(SUPPLIED RECORDS):
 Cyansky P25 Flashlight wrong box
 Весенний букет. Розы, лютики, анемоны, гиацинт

--

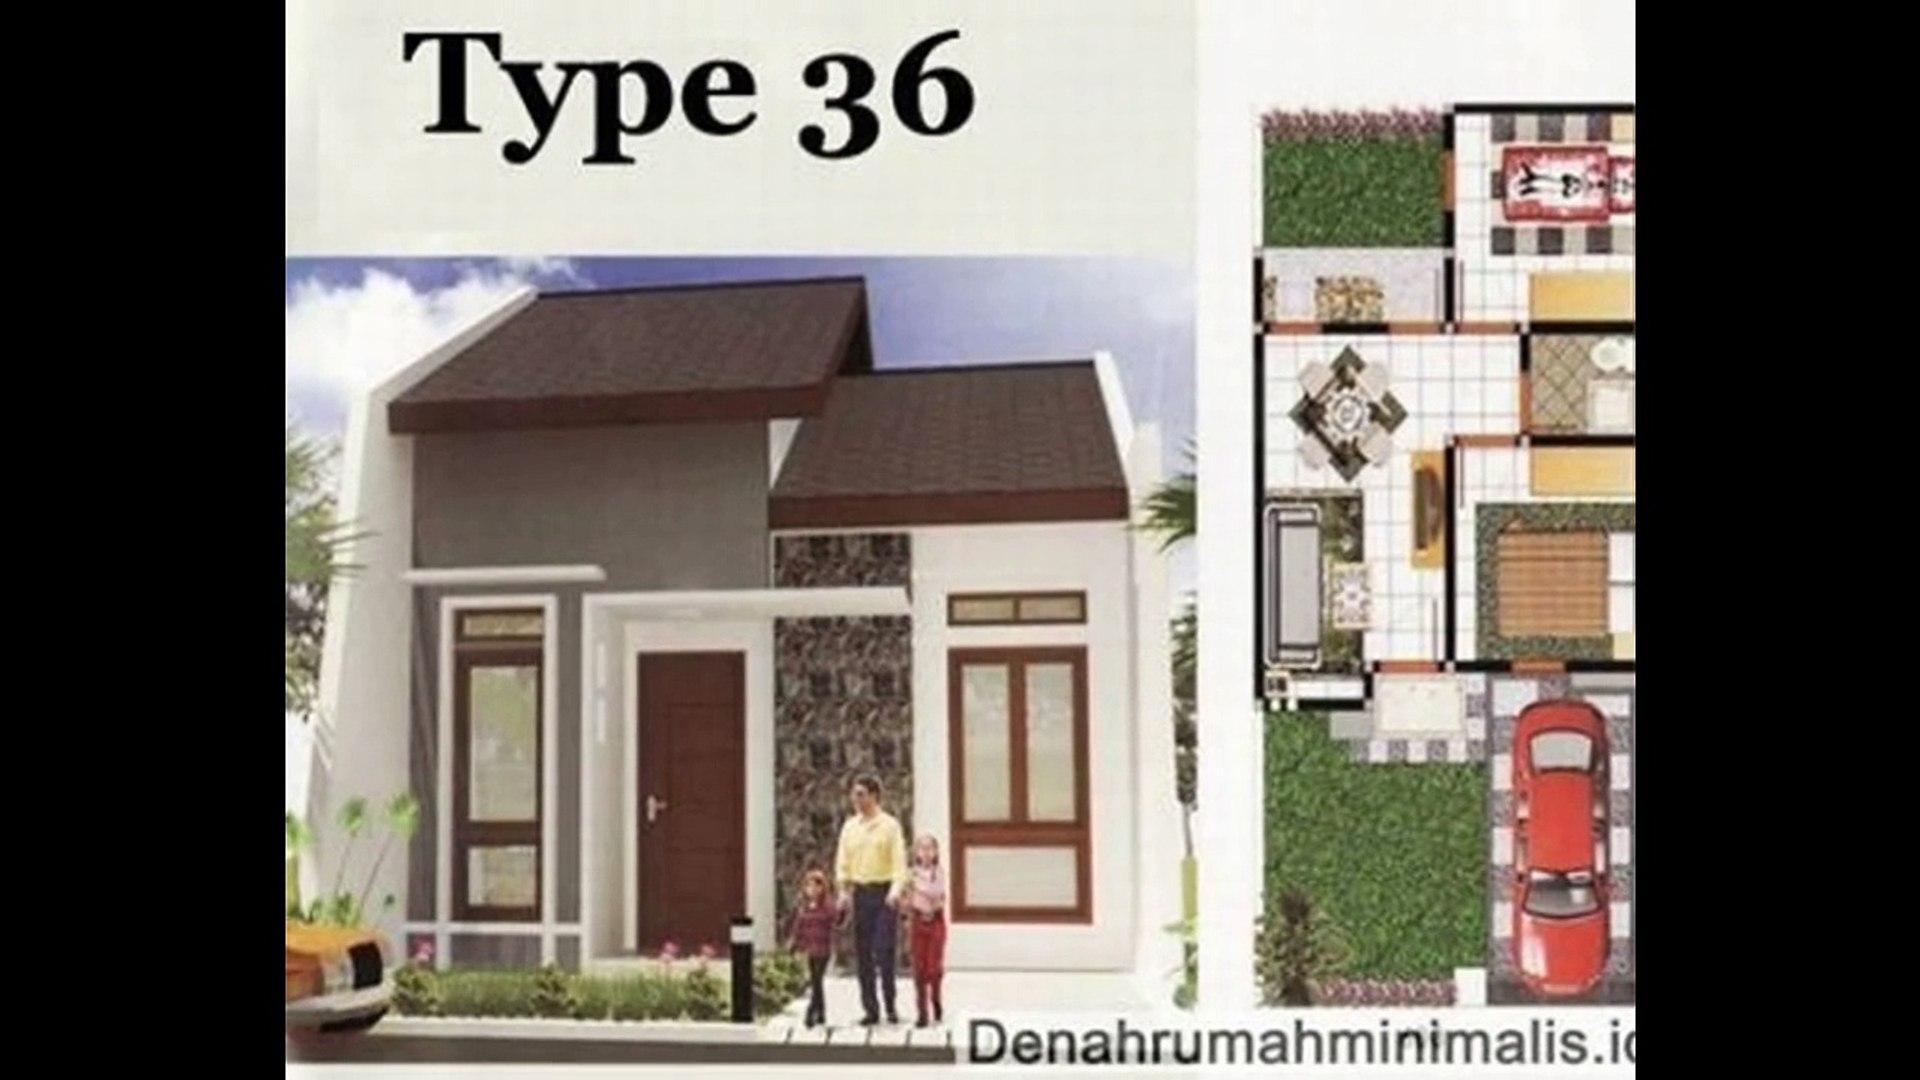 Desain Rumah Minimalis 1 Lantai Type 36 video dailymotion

==

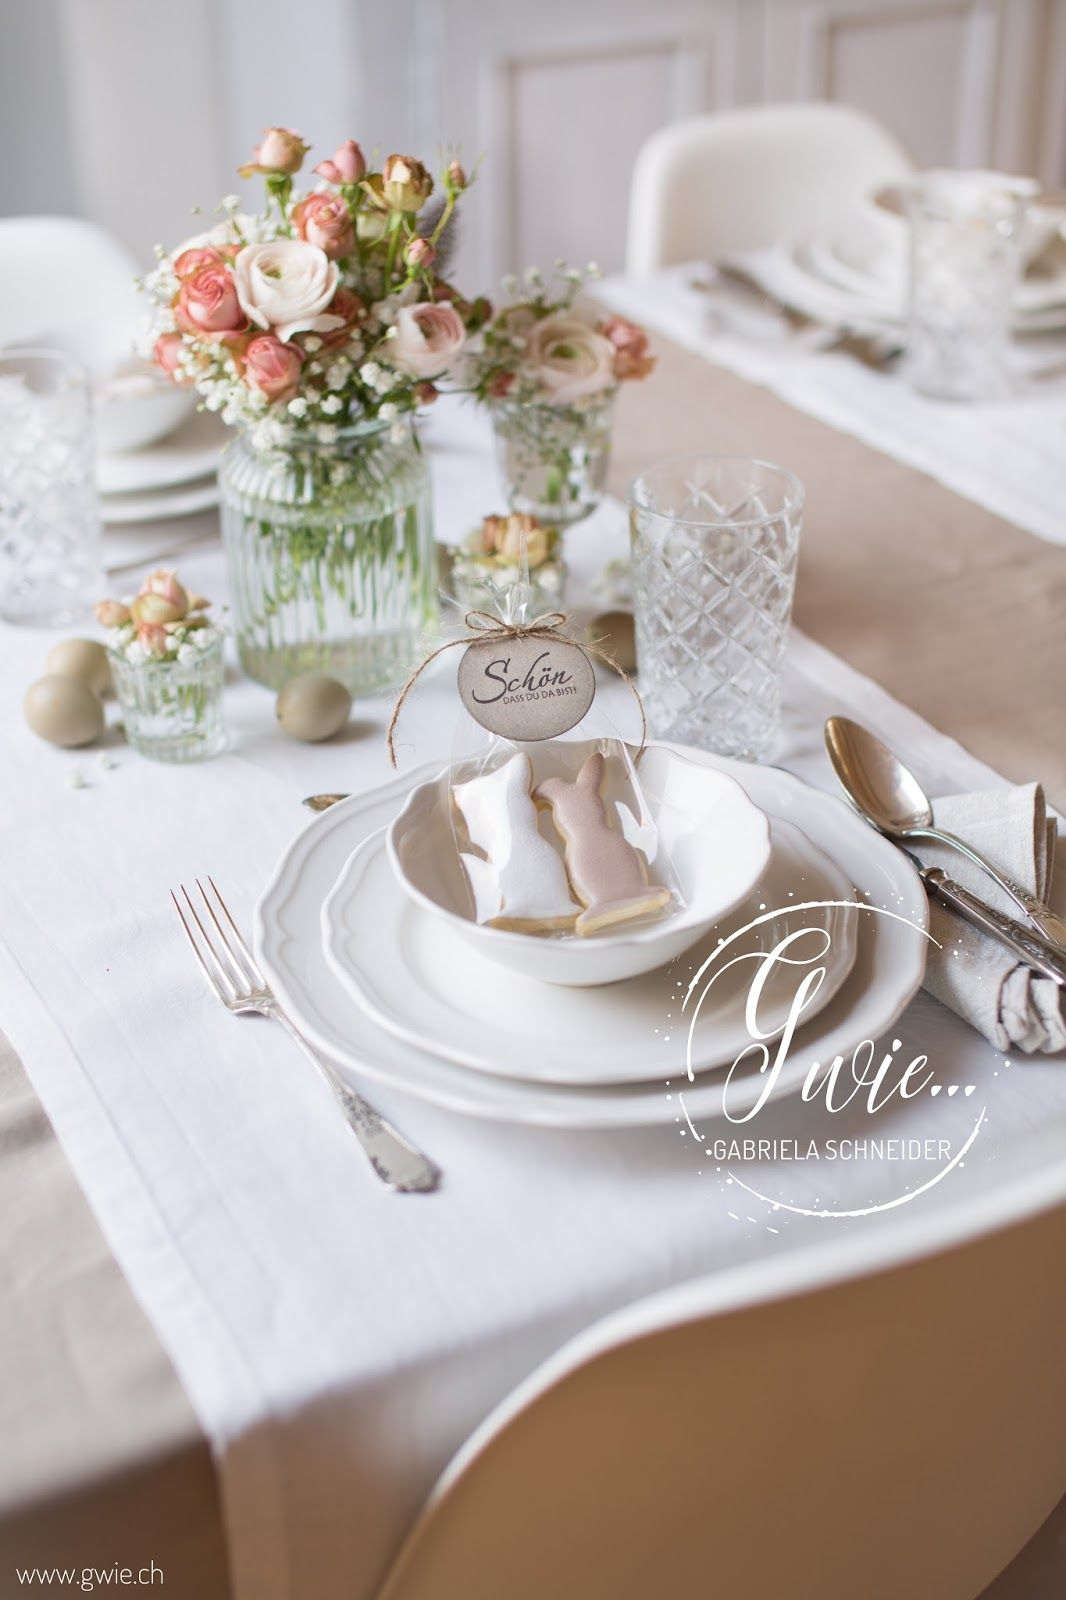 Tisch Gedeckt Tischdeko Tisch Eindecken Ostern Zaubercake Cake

(EXERCISE BRIEF):
Start with the line above that contains "Cyansky P25 Flashlight wrong box" and end with the line that contains "Весенний букет. Розы, лютики, анемоны, гиацинт". Write out those lines exactly, and only those.

(FINAL ANSWER):
 Cyansky P25 Flashlight wrong box
 Весенний букет. Розы, лютики, анемоны, гиацинт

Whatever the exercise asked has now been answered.